10:醤油が冷めたら、鰹節をクッキングペーパーで濾していきます。
(濾した後の鰹節は捨てずに保存しておきます)
*濾した後の鰹節と昆布の再利用
土佐醤油を作る際に出た「昆布」と「鰹節」で、ふりかけ風に再利用します。
- 昆布を千切りにします。(昆布が滑りやすいので、怪我に注意して下さい)
- 千切りの昆布を水から炊いていきます
- 重曹を少量加え柔らかく煮ます。
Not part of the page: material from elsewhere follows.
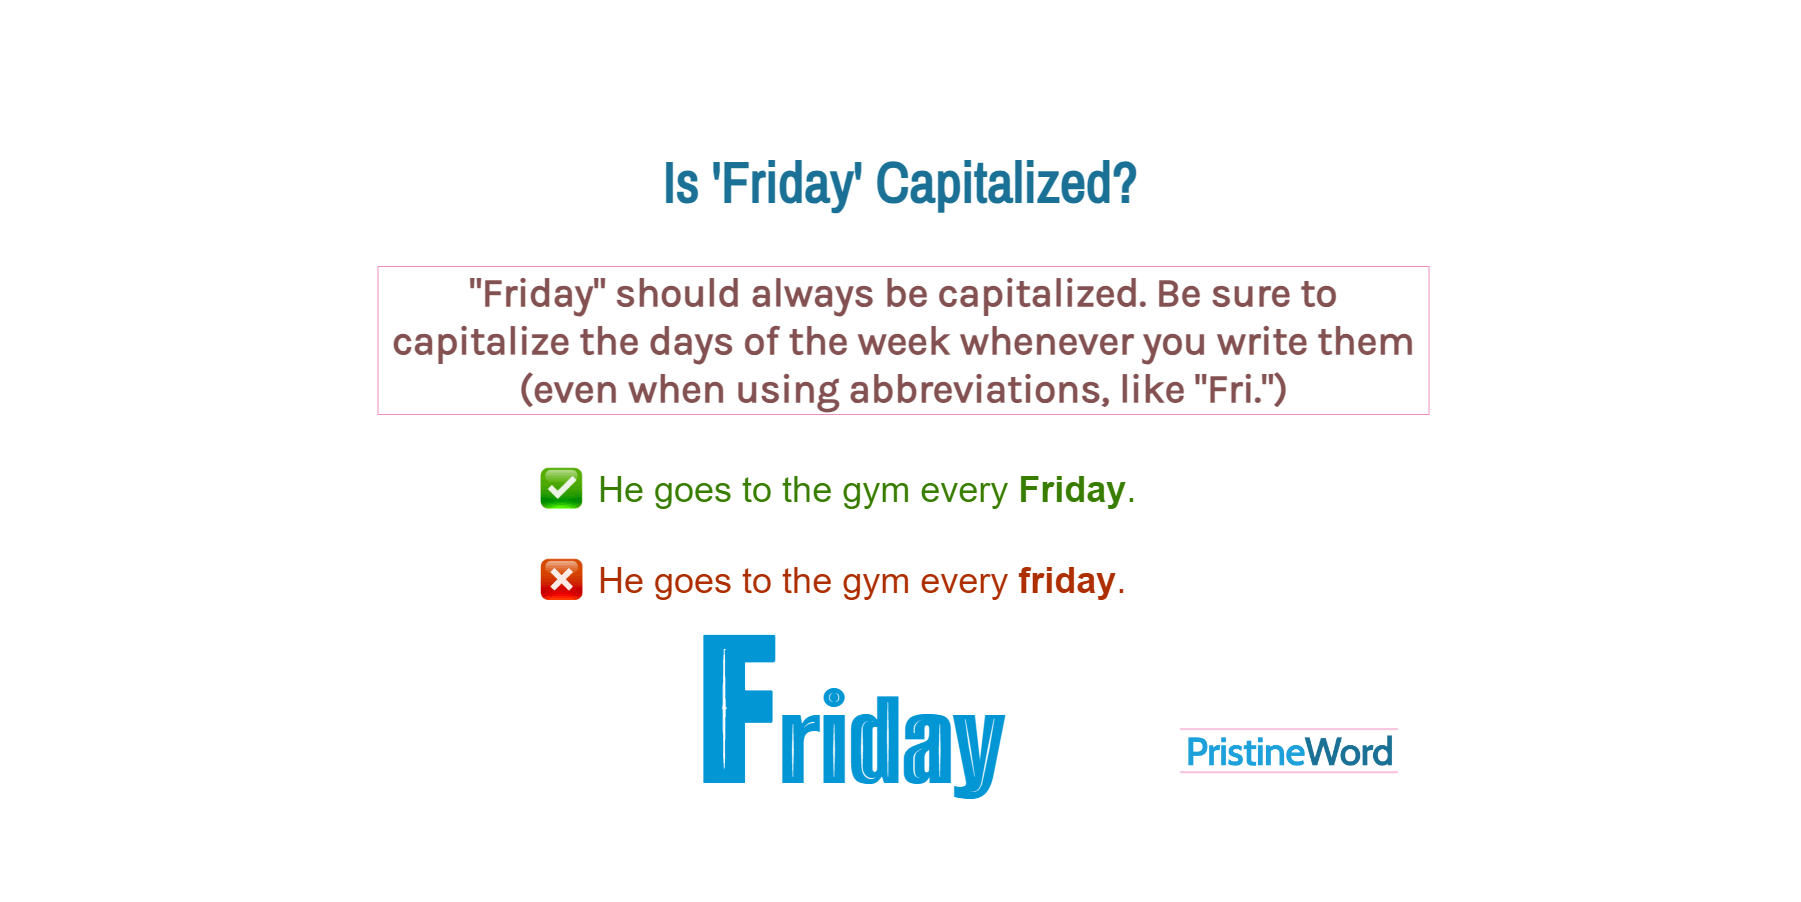 Is 'Friday' Capitalized?

(量が多いと苦味が出るので加減して下さい)
- 柔らかく煮えたらザルに打ち上げます
- 鰹節は包丁で刃叩きし、ある程度こまかくしておきます
- 昆布を鍋に移し鰹節を加えたら、中弱火で水分が減るまで乾煎りしていきます
- 基本的に鰹節に醤油がついている為、追加の味付けは控えめにします
- 水分がなくなったら、煎り胡麻と七味少々と気持ちの胡麻油を加えて完成です
これをベースに、
シラスを混ぜ込んだり! おにぎりのおかかとして! 鉄砲巻きの芯に!
ねぎを加えて和風炒飯! 煮物に加えた”かか煮”に! 冷奴のトッピングに!
単体使用でも、何かとコラボしたりと利便性は高い常備菜となります。
しかも
冷凍保存も出来るので、土佐醤油のついでにお作りになる事をお勧めします。
9:濾した醤油は醤油の入っていた容器に移し替えます
10:目立つよう! 分かるよう!にラベルをはり冷蔵庫で保管します。
*仕込み醤油は、冷蔵庫での保管であれば数ヶ月は大丈夫です!
夏は冷蔵保管が望ましく、冬は冷暗所で暖房効果のない場所で常温保存出来ます。
旅館仕事において、⑩の目立つ!や分かる!は結構大事なポイントになります。
理由は
いつも一定の人間が、その業務にあたるとは限らないからです。
うそ! のような話ですが
高齢の仲居さんが、お客様からお酒の熱燗を頼まれました。
徳利にお酒を入れ、小鍋で湯煎にかけていると
なにやら甘酸っぱい良い香りが・・・
一人のスタッフが異変に気付き、徳利の中身を確認すると
なんと
うめ酒だった!
もう びっくりです!
お酒類は、P箱とよばれる一升瓶が6本入るケースに縦置きされています。
縦置き故に、上からの目線では分かりにくかったのかもしれません。
ラベルを確認することなく
これは熱燗用の日本酒と思い込み、徳利に注ぎ込み湯煎へ。
お客様へ熱燗の梅酒が届く事はありませんでしたが、やはり全ての人に
目立つ場所に分かりやすく表記する事は必要だと思われます。
後日談として
先ほどの話は、去年の暮れでの出来事でしたが、今でも熱燗の注文が入るたびに
「0000さん 梅酒じゃなくていいんかい?」
と話しかければ
「もう~ そんなこと言わんで」
と、職場の雰囲気を明るくほぐしてくれる
「0000伝説」の一つとして加わりました!
間違える事もある! 人間だもの!
最後に
この記事が皆様の「美味しい仕込み醤油」の一考察になれれば嬉しいです。
最後まで読んで頂きありがとうございました。